Глотая застрявший в горле комок, я скомандовал по цепи отход.
5
И вот мы снова в наших растоптанных неглубоких окопчиках и ждем теперь уже недалекого утра. Немцы молчат. Все вокруг замерло. С вызвездившегося неба ярко светит луна, окончательно хороня мою последнюю надежду как-нибудь выбраться из этой беды.
До рассвета остался час. Маханьков только что сбегал к Бабкину и, сообщив мне эту безрадостную весть, уныло опустился на край моего окопчика.
С тоской в душе я глядел в серебристое от лунного света поле, и мысли мои были далеки от этого злосчастного хутора, который слабо поблескивал вдали двумя затухающими огоньками, от канавы с пятнадцатью автоматчиками у дороги, на которой мне так скоро предстояло закончить жизнь. Думал я как раз об этой своей такой неудавшейся жизни.
Дурак, пентюх, неудачник!.. А еще столько мечтал о подвигах. Зубрил в училище уставы, тянулся по службе, получал отличные характеристики. Экзамены сдал на пятерки. Выпустили по первому разряду с правом досрочного присвоения очередного воинского звания. К чему теперь эти права и даже это первое, ставшее последним звание? Расстреляют, как собаку, за невыполнение боевого приказа, как нарушителя дисциплины и военной присяги. И поделом.
– Вот так, Маханьков!..
У меня это вырвалось вслух, и Маханьков зябко поежился под своею заиндевевшей шинелькой, трудно, продолжительно вздохнул.
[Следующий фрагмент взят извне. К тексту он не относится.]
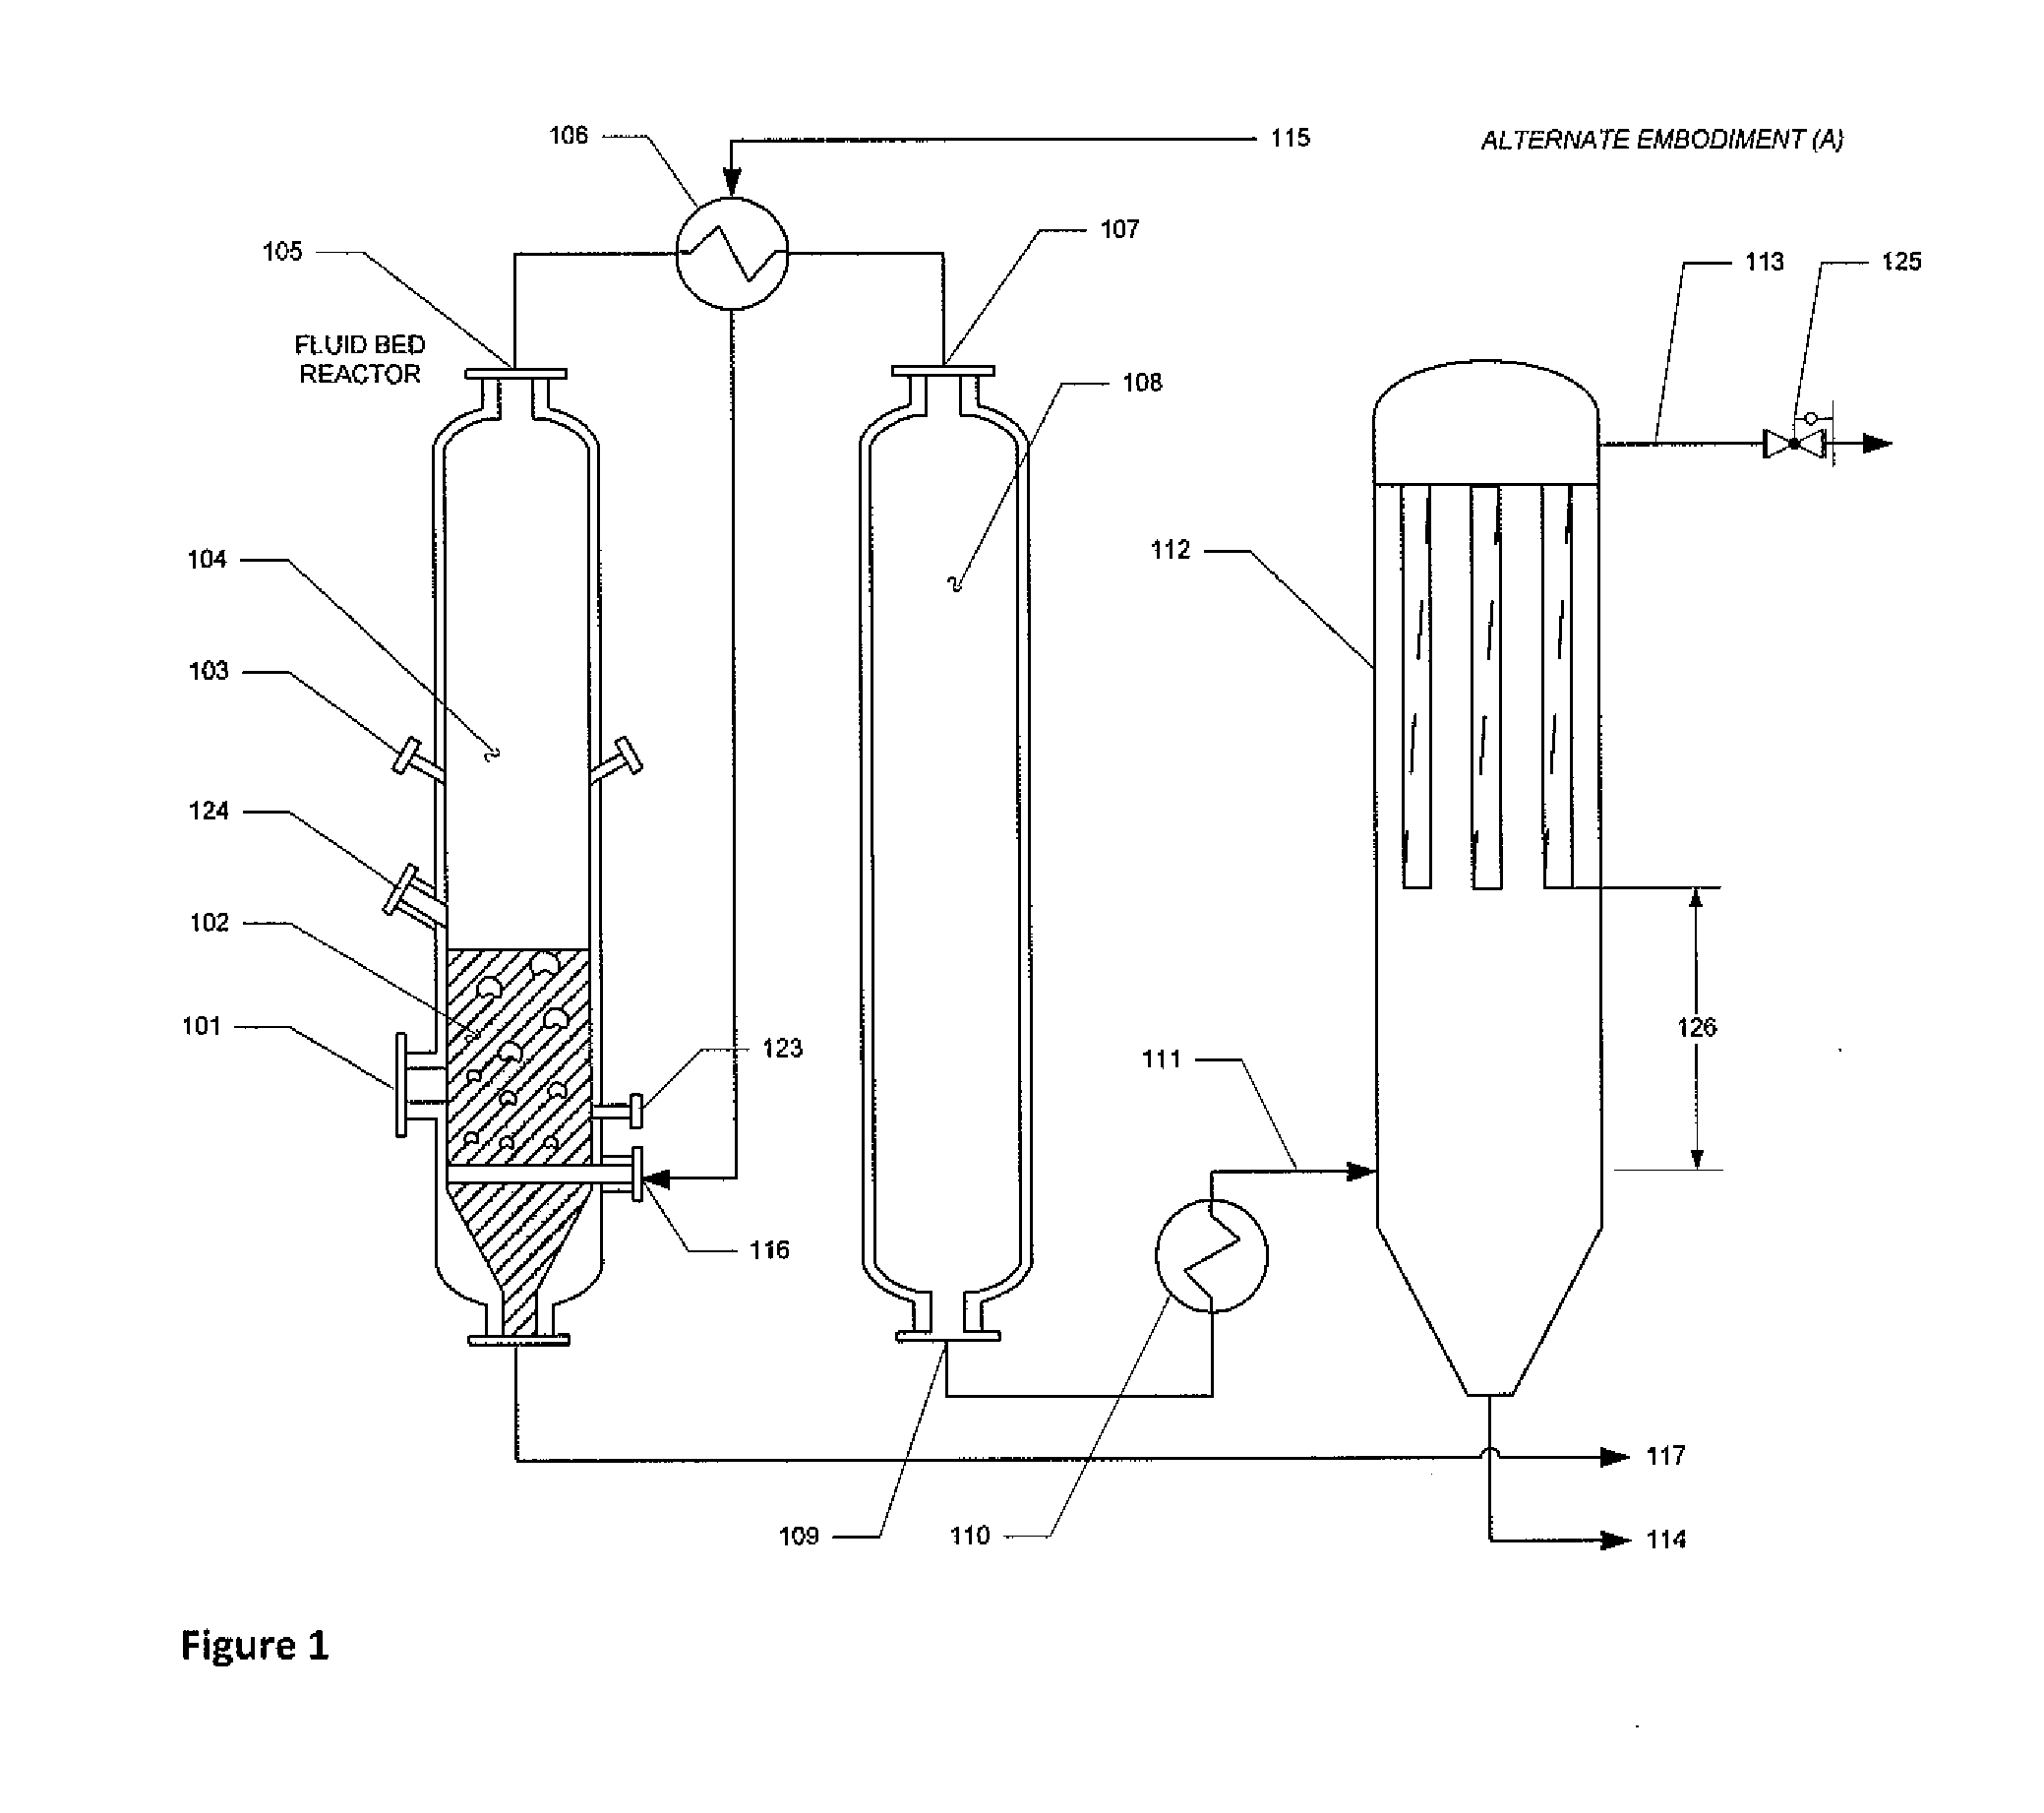 Apparatus and Method for Optimized Acid Gas and Toxic Metal Control in Gasifier Produced Gases

Да, через час меня расстреляют, это уж определенно, но я совершенно не мог представить себя убитым. Чего-то во мне недоставало для этого – воображения, что ли? Или, может, достаточной уверенности в грозной решимости командира полка. Как будто застрелить человека на войне бог весть какое сложное дело. И тем не менее именно эта неспособность ощутить смерть, как ни странно, наполняла меня почти инстинктивным чувством бессмертия. Казалось, командир полка грозил не мне. И хутор сдавал не я. Расстрелян тоже будет кто-то другой, потому что просто немыслимо убить меня, ведь я же – вот он, живой!
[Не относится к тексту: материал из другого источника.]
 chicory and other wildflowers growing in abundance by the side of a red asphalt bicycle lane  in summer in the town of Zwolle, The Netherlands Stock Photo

Но нет, я понимал, что все это ерунда, конечно. Чуда ждать не приходится, время не остановишь. Да и Маханьков, наверно, отлично сознавал мою незавидную участь, всем своим скорбным видом свидетельствуя сочувствие, от которого, впрочем, мне не становилось легче.
А вот Гринюка, кажется, это мало заботило. Видно, тяготясь одиночеством на своем не таком уж далеком фланге, он пришел к нам по протоптанной над канавой тропинке и остановился за спиной Маханькова.
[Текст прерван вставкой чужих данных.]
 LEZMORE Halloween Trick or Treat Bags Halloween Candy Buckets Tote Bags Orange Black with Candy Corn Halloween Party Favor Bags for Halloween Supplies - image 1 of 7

– Какой-то крик там. Слышали?
Я поднял голову, Маханьков тоже насторожился, минуту мы смотрели на Гринюка, вслушиваясь, но никаких криков не было.
– Там вон, возле пригорка. Или мне померещилось.
– Будто тихо все, – сказал Маханьков.
– Ну, померещилось, значит, – Гринюк зябко постучал каблуком о каблук. – Фляжечку бы для сугреву, а? Маханьков, у тебя там не осталось?
Маханьков удивленно посмотрел на него, не ответив, и тот, видно, понял, что заботило нас.
– Бросьте вы унывать, лейтенант!
– Да, бросишь! Вон час остался.
– Го! Целый час! Целый час – это ого!
Я смолчал. Он меня злил, этот непрошеный оптимист, который, пританцовывая от мороза, высказывал совершеннейшую, на мой взгляд, чепуху.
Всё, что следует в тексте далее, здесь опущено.